2022-07-22T03:07:12+00:00

Garry

Roar Rookie


depends on if you add in newly promoted.. teams have done so..Leicester & AND Manchester Utd to name a couple :happy: ..altho it was div 1 when Man Utd were promoted..

AUTHOR

2022-07-22T02:33:14+00:00

Midfielder

Roar Guru


RB P & R can't work without strong support from the broader Football community.... To get that support perceptions of Australian need to change at local park level...

2022-07-22T02:02:54+00:00

chris

Guest


Hey Pip, you're a numbers man. Any comments on the huge turn outs for these friendly matches? You only seem to comment on the low ones. It's hard to change your spots I know.

2022-07-22T01:37:59+00:00

Roberto Bettega

Roar Rookie


At a minimum, we will always have the support we have currently, which admittedly is at an all-time historic low, but I honestly do believe this represents the floor for what is possible for professional football in this country.

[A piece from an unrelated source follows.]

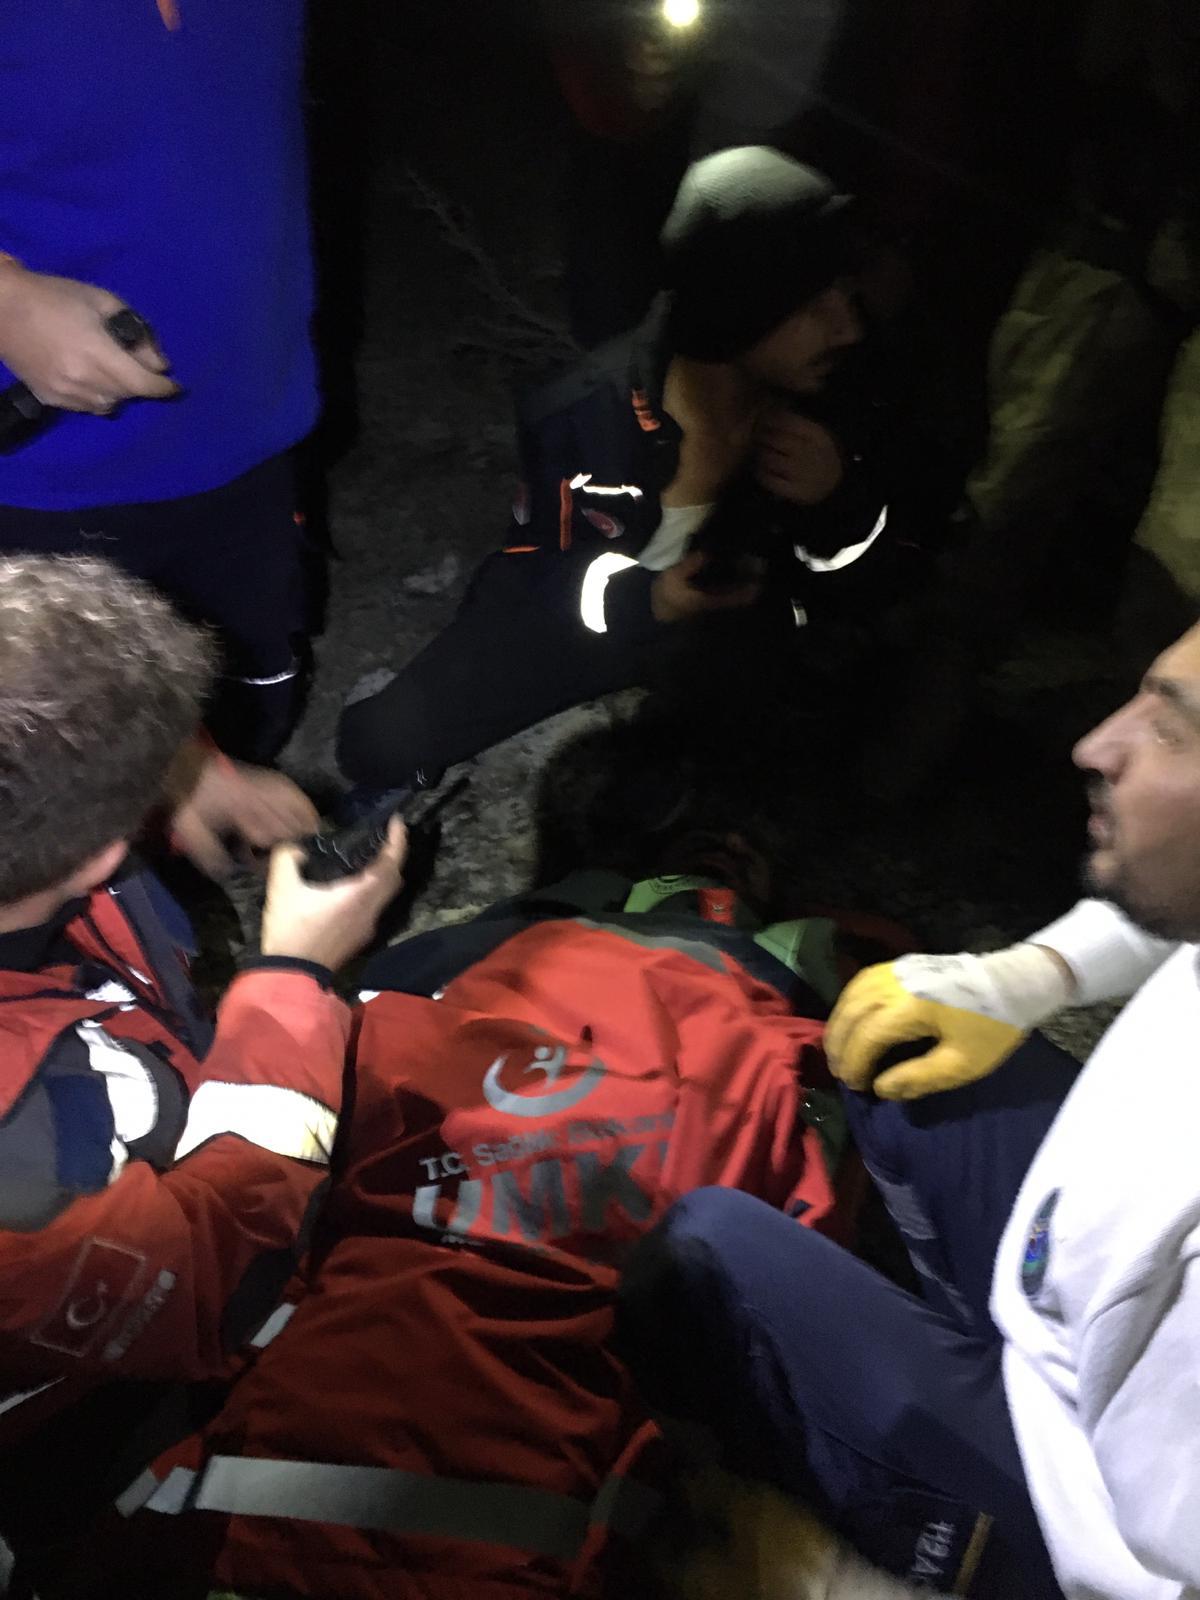 Uçurumdan yuvarlanan bisikletçi, helikopterle kurtarıldı
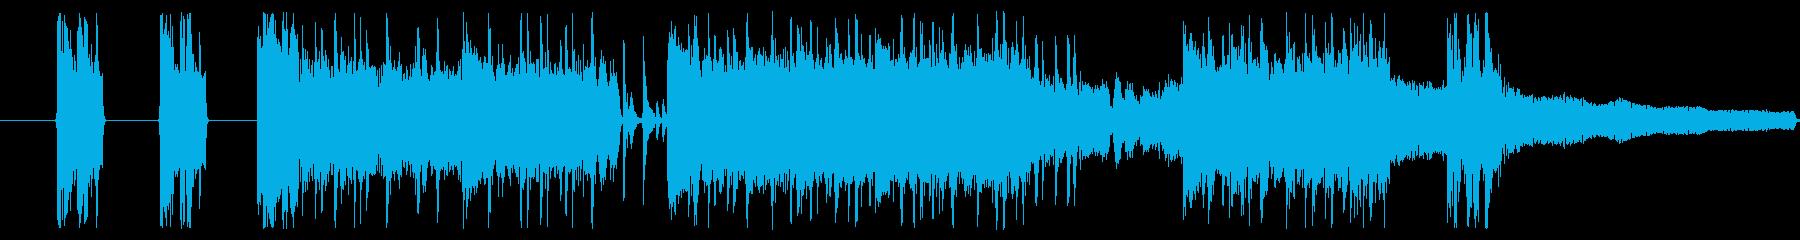 ギターが特徴のミクスチャーサウンドの再生済みの波形

But even if we were to accept that this is what the game looks like going forward, well, that's not too shabby, as long as it's enough for the league to continue, that's all that really matters. I also personally hold the view that there is a benefit to the current low in attendances, it's an environment where P&R can seriously be considered because a club like South Melbourne, for arguments sake, could replicate those average attendances from day one, if it were to win promotion to the league.

2022-07-22T01:33:14+00:00

Roberto Bettega

Roar Rookie


Daigo Waap Firstly, let me congratulate you on your unusual name. I've never seen anything like it. When the socceroos qualified for the 2006 WC (doing so in 2005), they did it from Oceania and they were very much products of the NSL era. The move to Asia, the one truly big thing Frank Lowy achieved for the game, made qualifying for the WC as easy as pie. You say that the NSL didn't represent "areas like AFL clubs do". I'm not an expert on the AFL, but I do know that all the Melbourne clubs are located within a few kilometers of the CBD (that's 9 clubs!) Is that the sort of thing you are recommending for the A-League? Radical, it might well work.

2022-07-22T01:26:40+00:00

chris

Guest


Who's abandoning it? And why do you even care? Has the AFL season finished already for you?

2022-07-22T00:42:21+00:00

AR

Guest


'Professional Football in Australia needs respect and support from community to get going… i.e ratings, crowds, player development…. only then can you consider things like P & R…" Ok, so if football fans don't support professional football in this country, what then?

2022-07-22T00:38:58+00:00

AR

Guest


C'mon chris...don't abandon your own argument so quickly. You say that each club should have its own colour-coded stadium with statues and changerooms and everything. Sounds amazing. Who pays?